When Sánchez Barcáizteguis crew sighted the approaching steamer, her commanding officer, Capitán de fragata (Frigate Captain) Francisco Ibáñez Varela, ordered his ship to turn to starboard. At that moment, an oiler's hand got stuck in the warship's dynamo, causing the dynamo's drive belt to break, plunging the ship into darkness, and disabling her primary steering mechanism. Sánchez Barcáizteguis crew tried to correct her course using a servomotor, but the servomotor was too slow for Sánchez Barcáiztegui to answer her helm in time. At the same time, Conde de Mortera made an ill-advised turn to port which kept her on a collision course with Sánchez Barcáiztegui.

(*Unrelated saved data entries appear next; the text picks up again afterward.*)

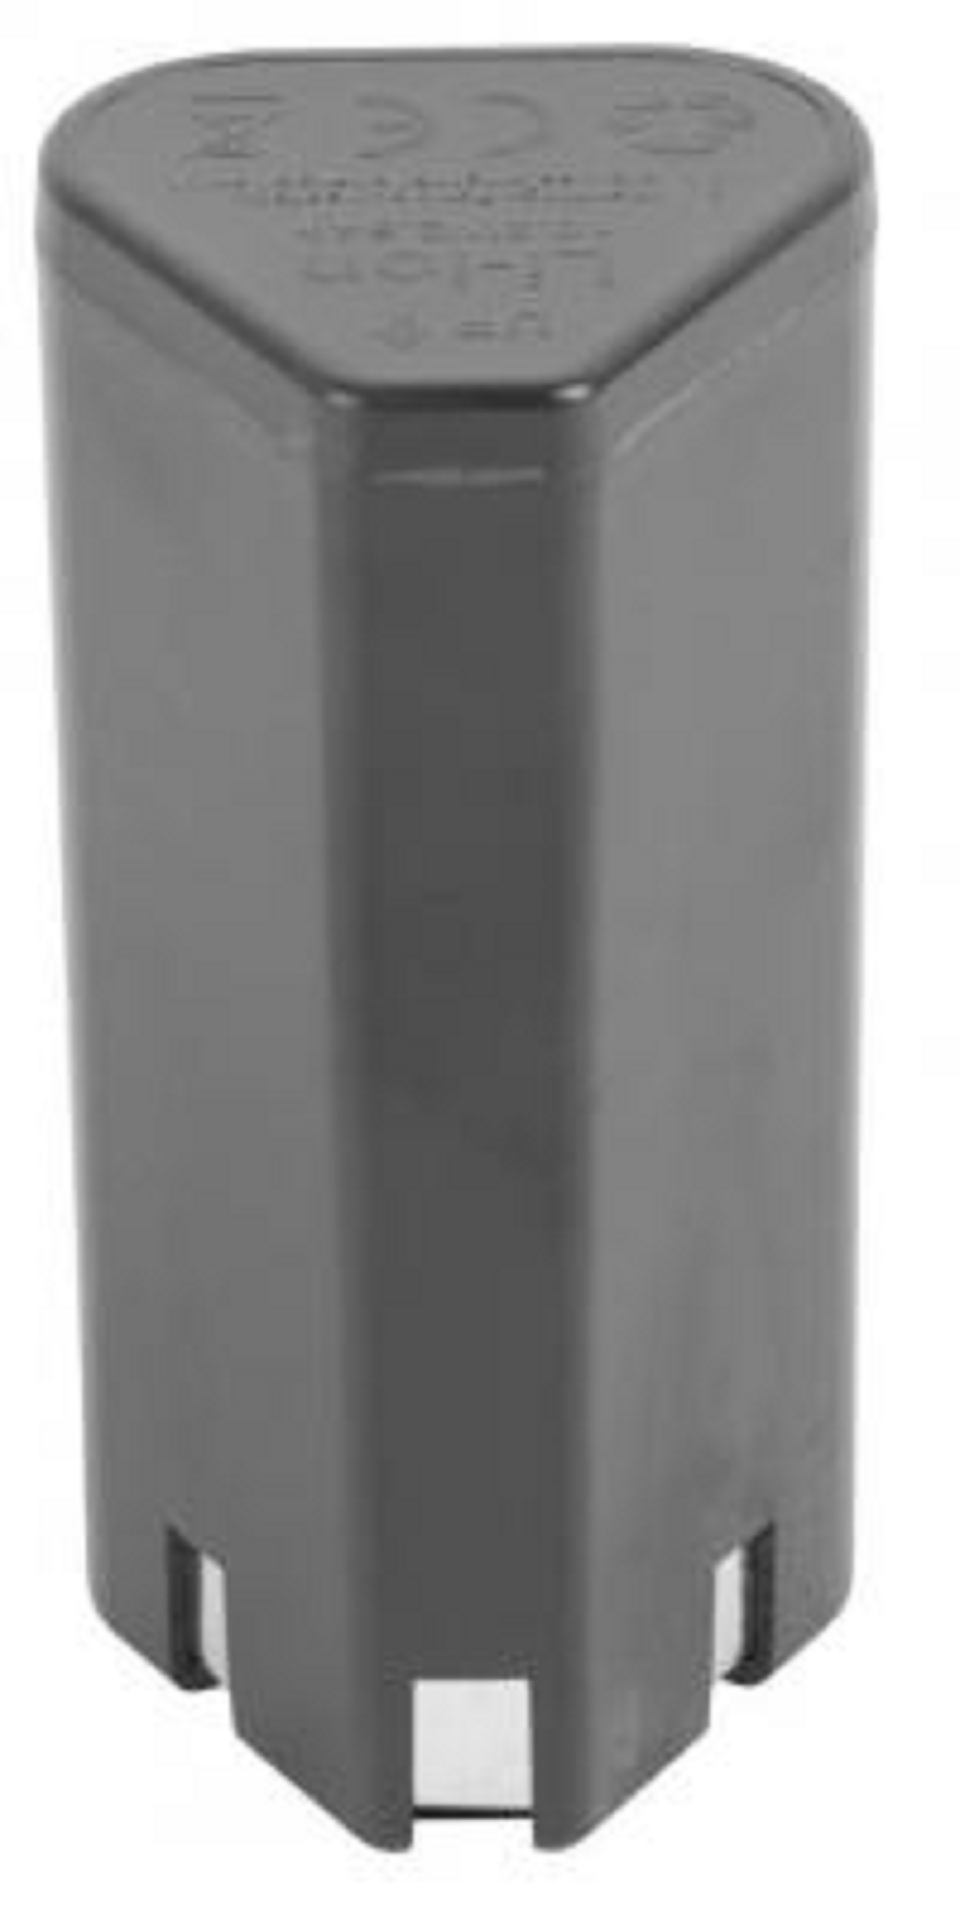 TOMMY Akku Drucksprühgerät 8 Liter | 54 cm Sprühlanze | Doppelpack Li-Ion Batterie mit Ladegerät | Drucksprüher, Gartenspritze, Sprühgerät, Sprühflasche, Unkrautspritze
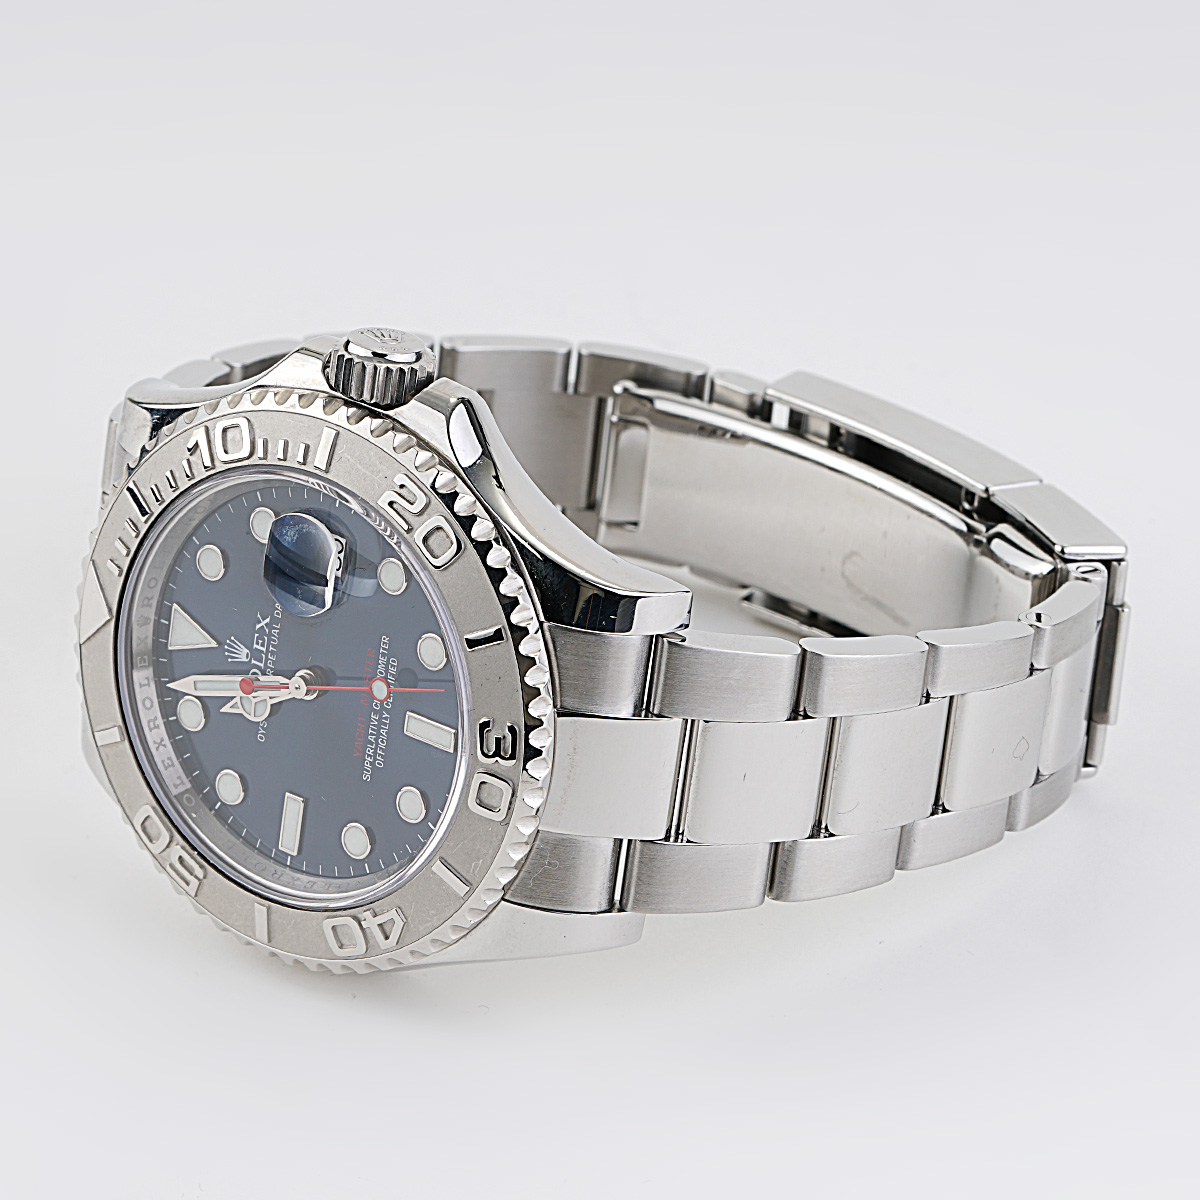 Rolex Yachtmaster (116622) blue dial, 40mm, platinum bezel
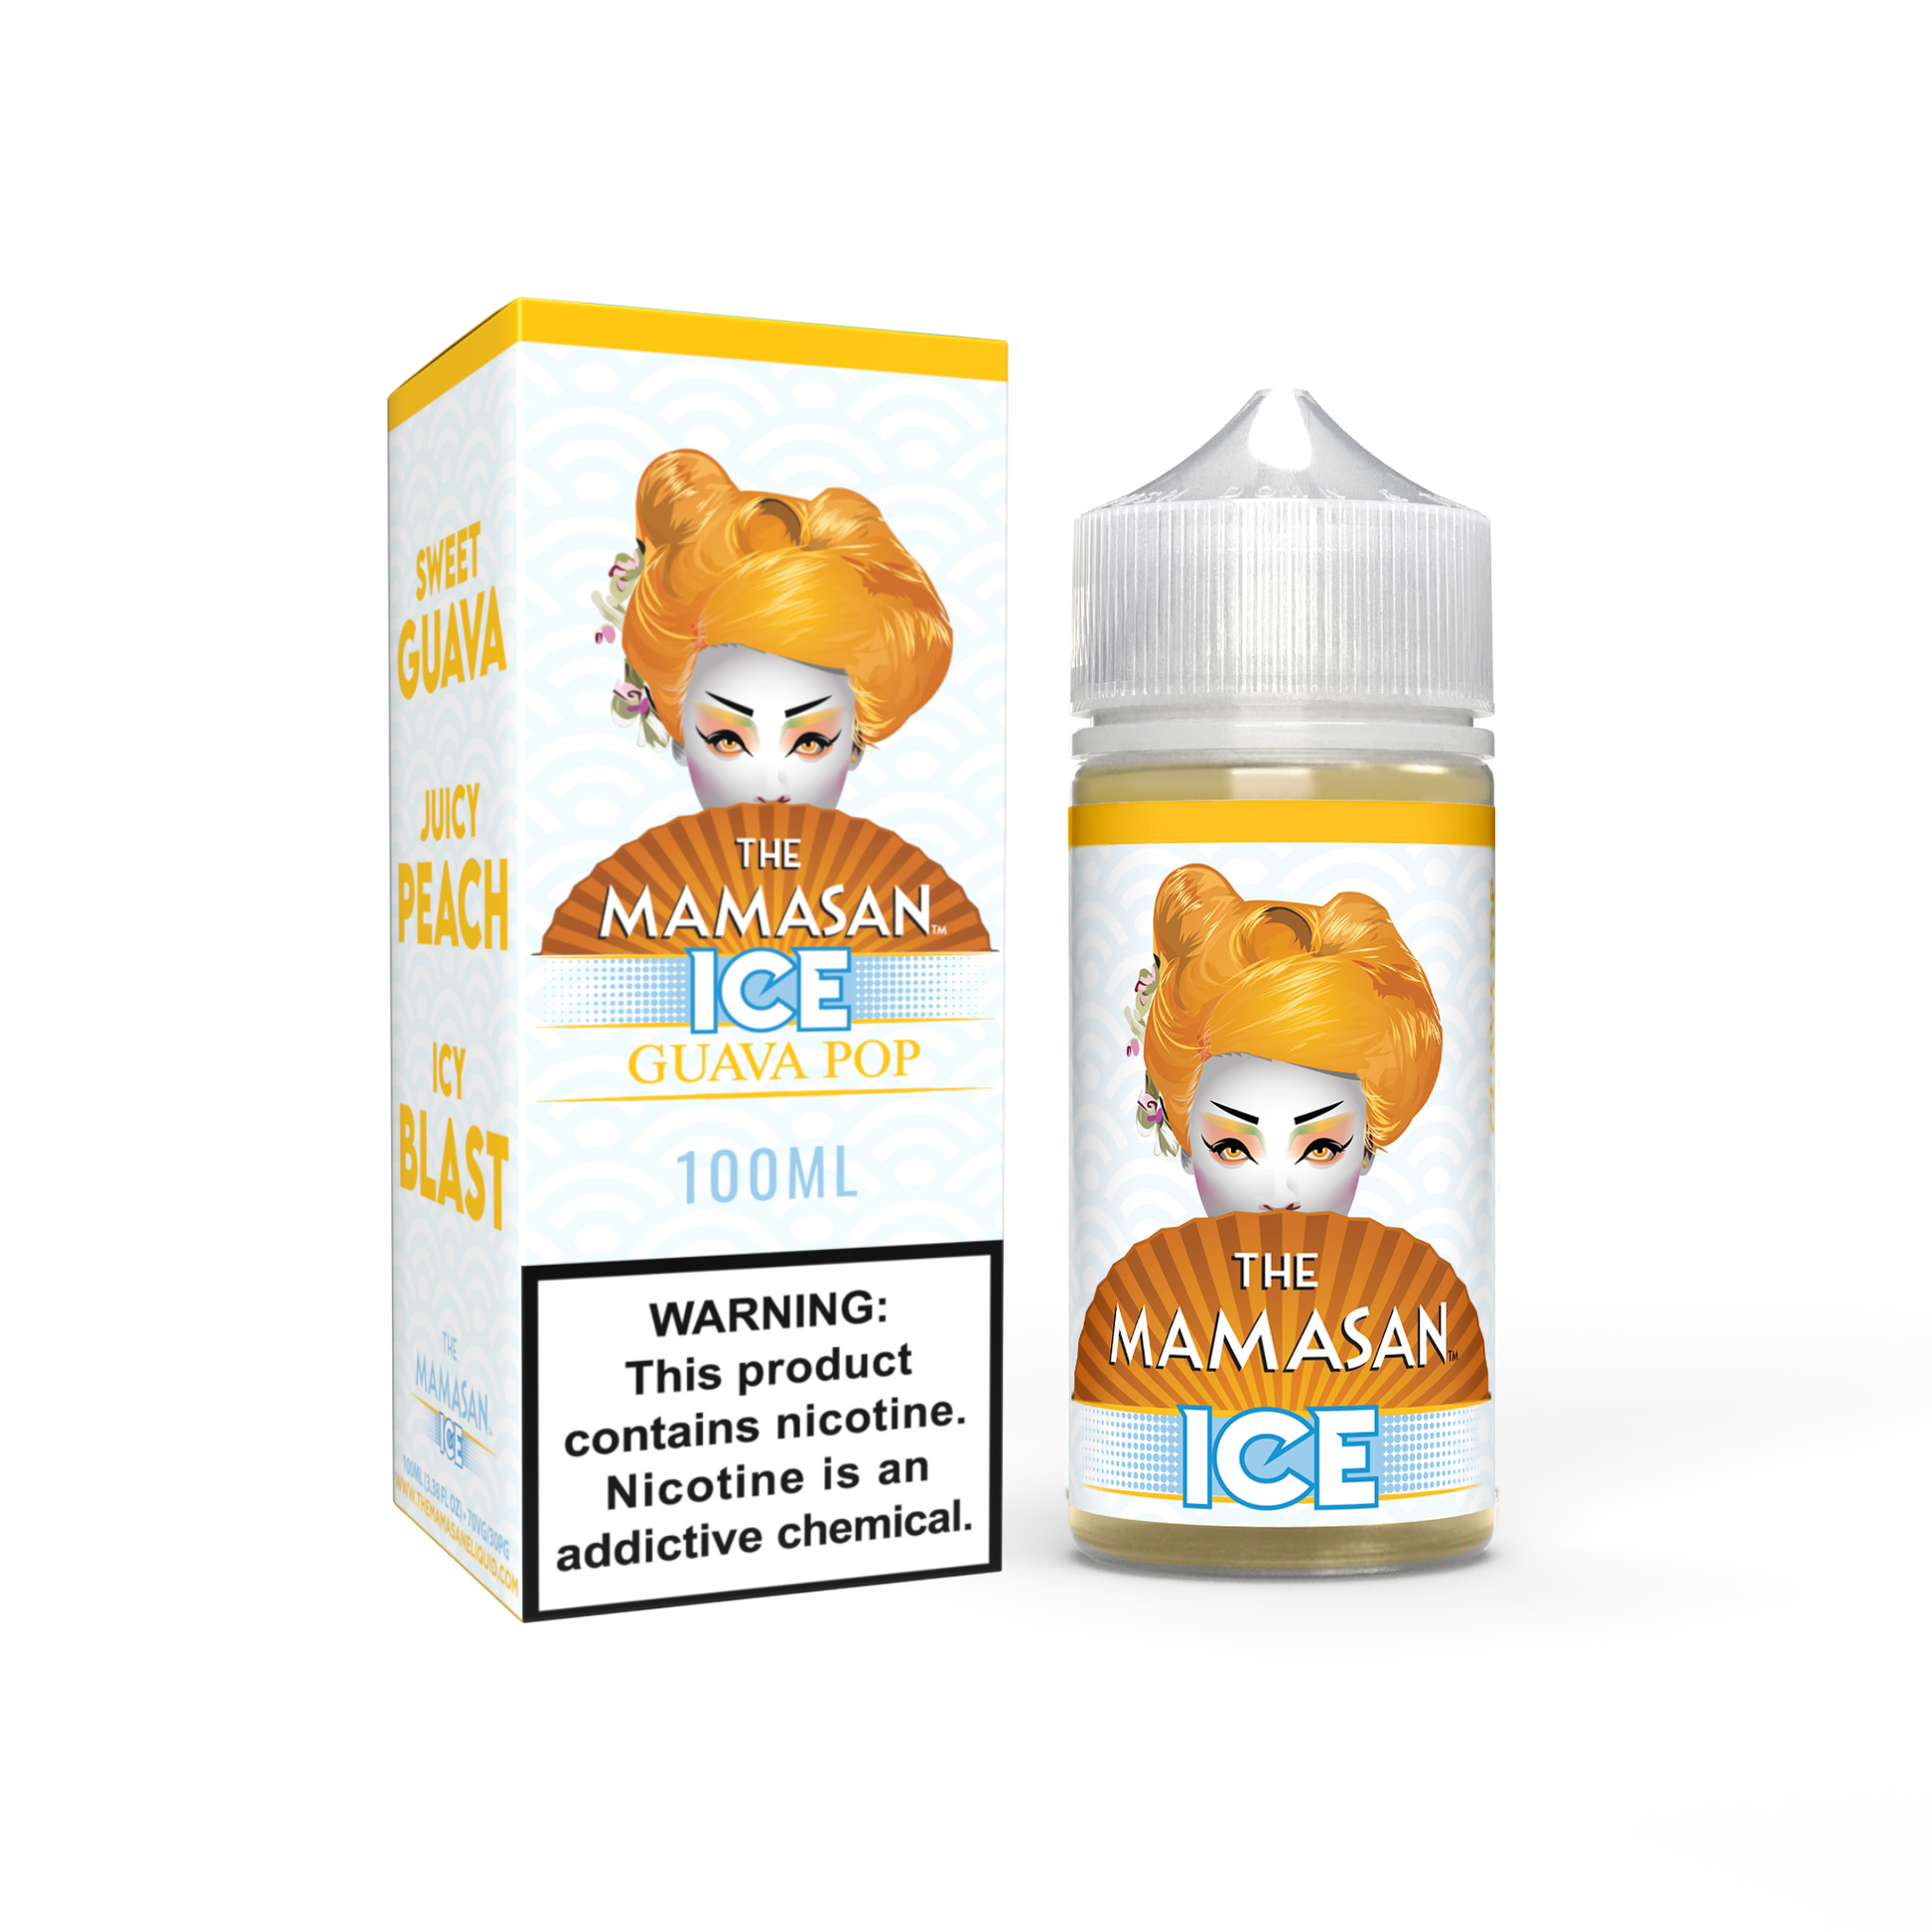 Mamasan guava pop ice 100ml vape juice

Conde de Mortera collided with Sánchez Barcáiztegui, striking her on her port bow. The merchant ship's bow became lodged in the sloop's side. Afraid that Sánchez Barcáiztegui would sink and drag his own ship down with her, Conde de Morteras captain, José Viñolas y Valle, ordered his ship's engines reversed. This succeeded in breaking Conde de Mortera free of Sánchez Barcáiztegui, but it also opened the hole in Sánchez Barcáizteguis side completely to the sea, accelerating the ingress of water. Seeing that Sánchez Barcáiztegui could not be saved, Ibáñez ordered his crew to abandon ship. Some sailors jumped overboard, while others manned her lifeboats.

The 67-year-old Delgado declined the offer to be evacuated and remained aboard Sánchez Barcáiztegui until five minutes before she sank, when an alférez de navío (ship-of-the-line ensign, the higher of the Spanish Navy's two ensign ranks) took him to one of the remaining lifeboats. The lifeboat did not have time to reach a safe distance, and when the sinking Sánchez Barcáiztegui capsized she swamped several lifeboats, including Delgado's, causing them to capsize as well. Exhausted, Delgado ordered the two men who were keeping him afloat to leave him to drown and swim away. They refused at first, but at his insistence finally had to leave him to his fate because of the danger of all three of them perishing.

Ibáñez waited until the last moment before jumping into the water. Sharks, attracted to the scene by the smell of blood, attacked and killed him. His mutilated body, headless and armless, was found the next day. In all, 32 men died in the sinking, including Delgado and Ibáñez.

Sánchez Barcáizteguis wreck posed a navigational hazard, and efforts to salvage it began a few days after the sinking. In 1896, the wreck's masts and funnel were removed, eliminating the hazard.

A court-martial was convened on 17 November 1897 to ascertain responsibility for the loss of Sánchez Barcáiztegui. Although the court could not clearly prove that Viñolas was at fault, it sentenced him to three months' arrest and ordered him to pay compensation.